Он кивает, снимает ограждение и галантным жестом приглашает нас войти. Вот и пяльтесь теперь мне вслед, лузеры! Можно ещё показать им нецензурный жест напоследок, ну да ладно. Из любой неловкой ситуации можно выйти королевой, главное, не позволять никому себя трамбовать и делать виноватой.

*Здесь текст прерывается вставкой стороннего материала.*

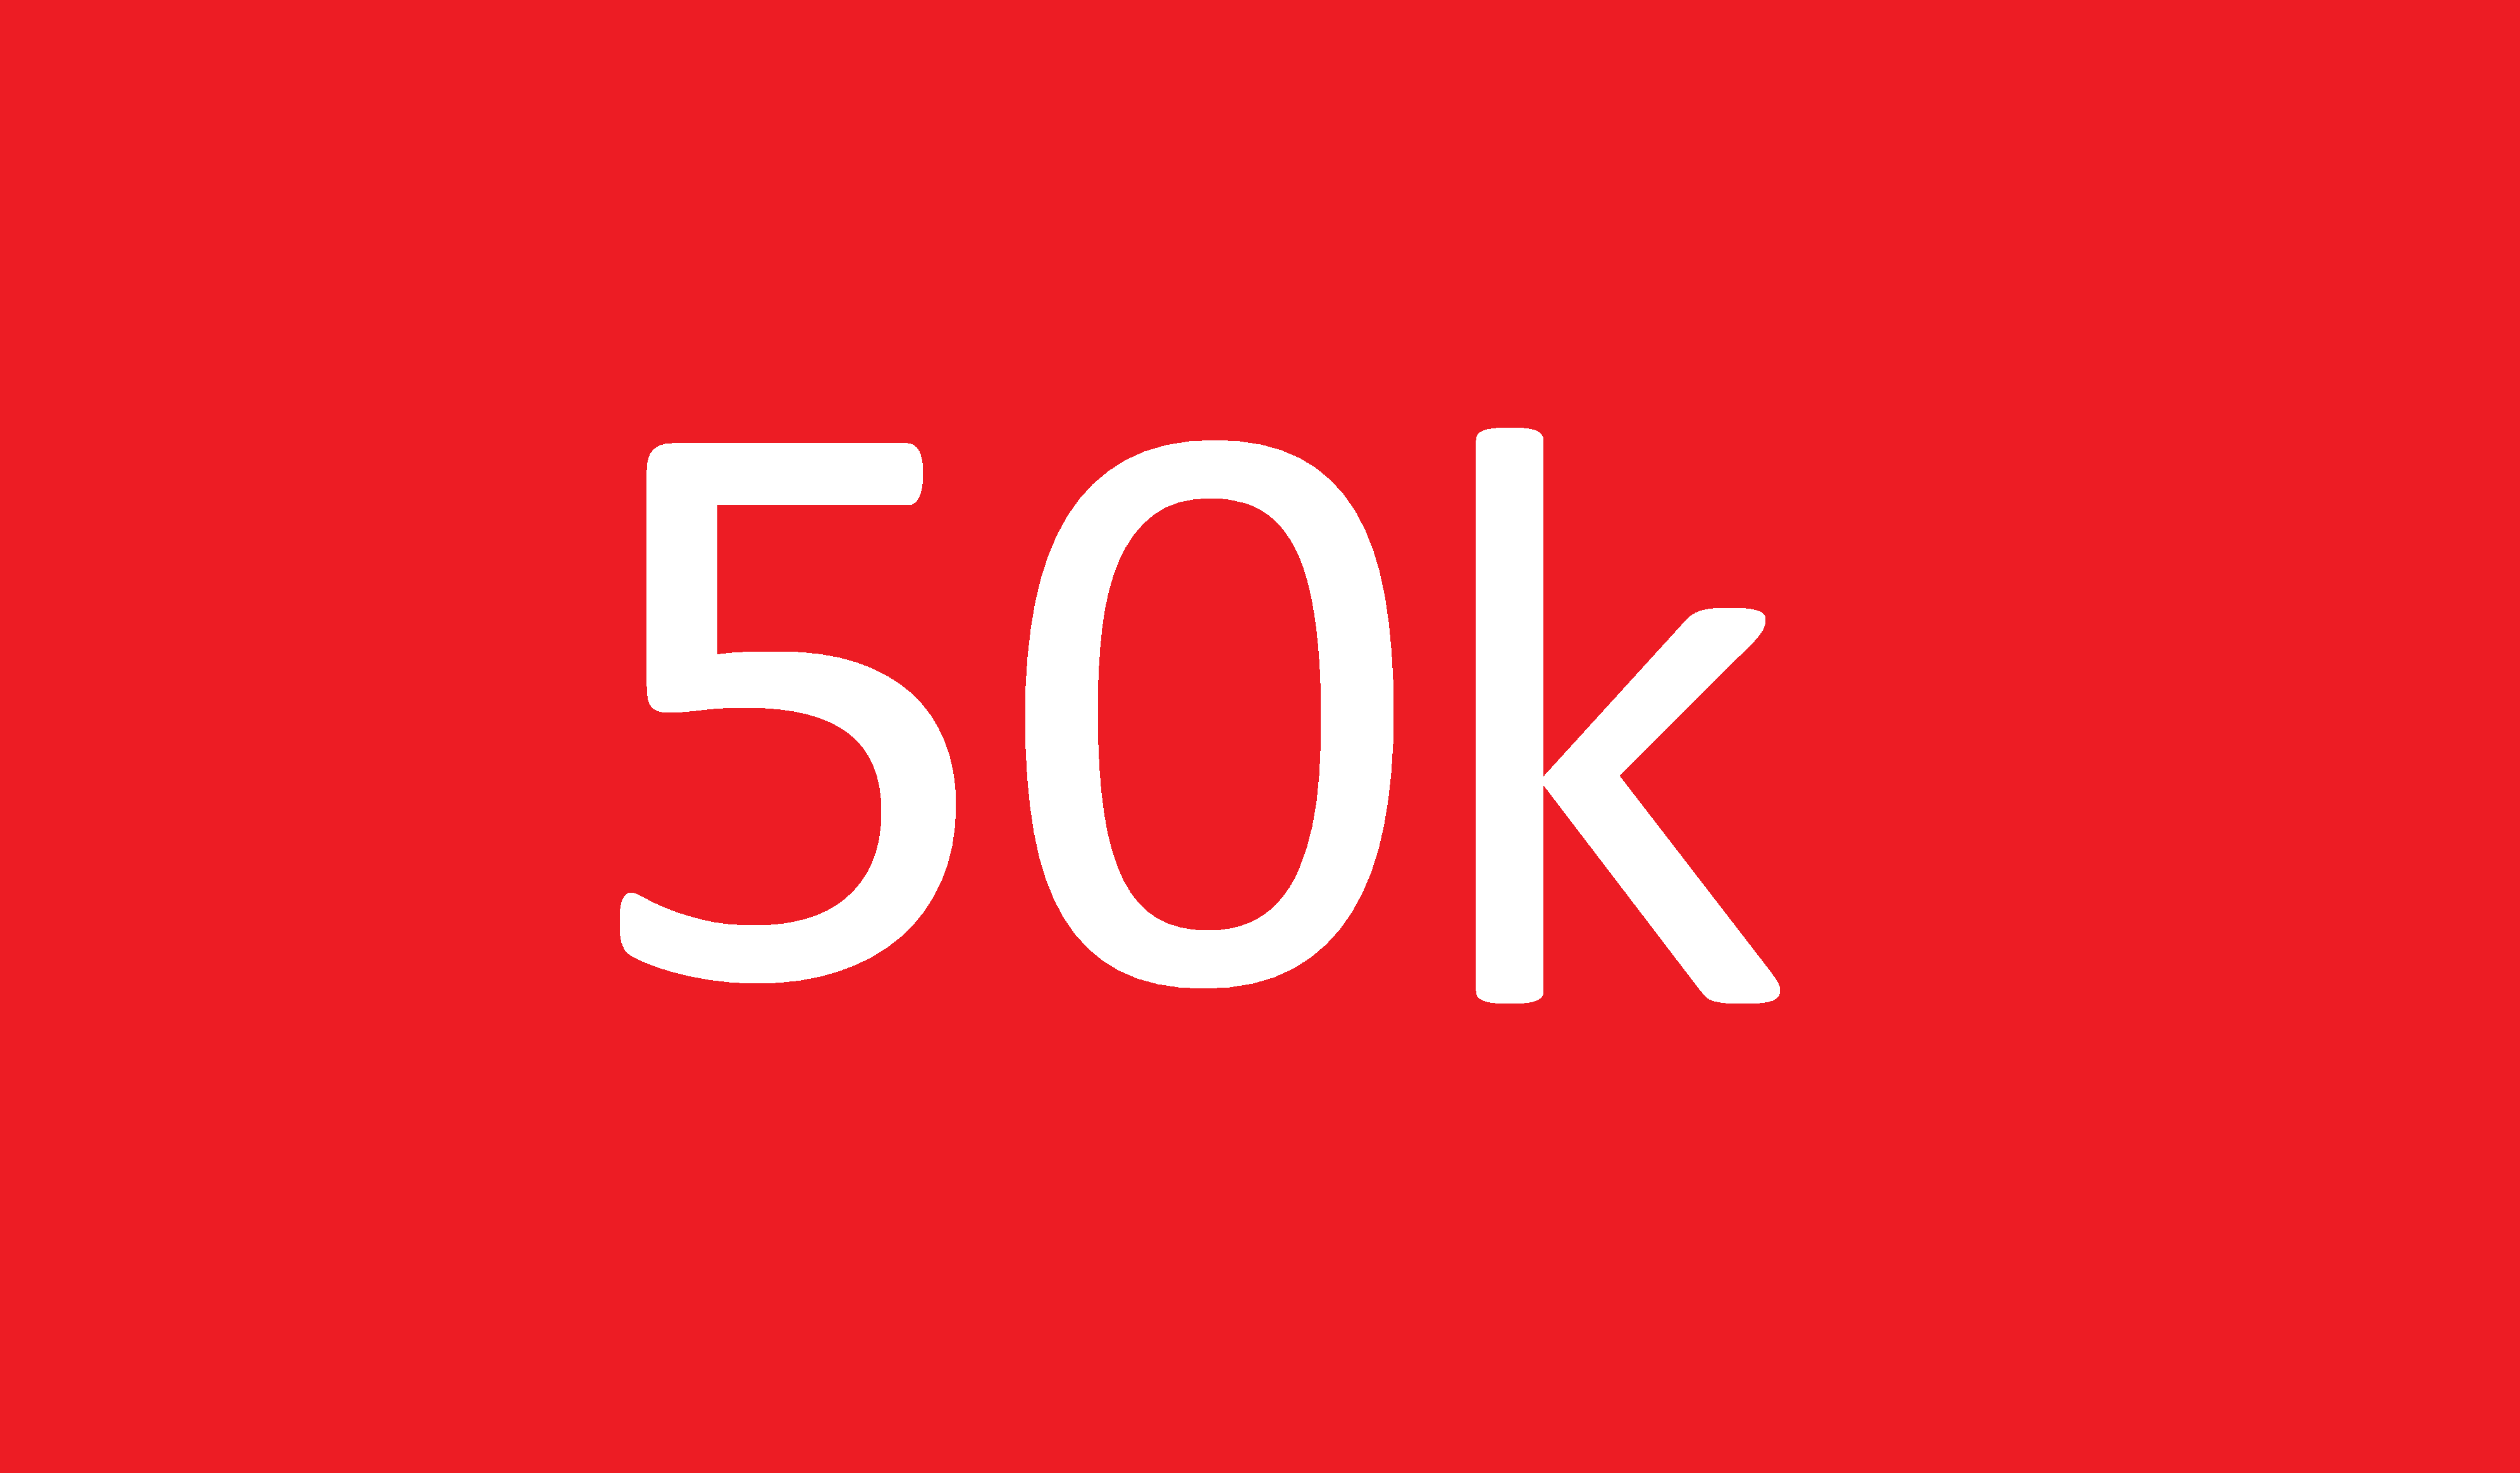 Считать подписчиков. 30 Тысяч подписчиков. Нас 30 000 подписчиков. 30000 Картинка. 30000 Цифра.

С виду пафосный ночной клуб на деле полная банальщина, пропитанная запахом пота и дешёвых духов, наполненная густыми басами и сверху разукрашенная дискоболом.
— Принесу нам шотиков, — кричит Алия у самого уха, пытаясь перекрыть царящий здесь звуковой хаос.
— Давай.
Она идёт к бару, а я устраиваюсь за столиком — красный дерматин противно скрипит под голыми ногами.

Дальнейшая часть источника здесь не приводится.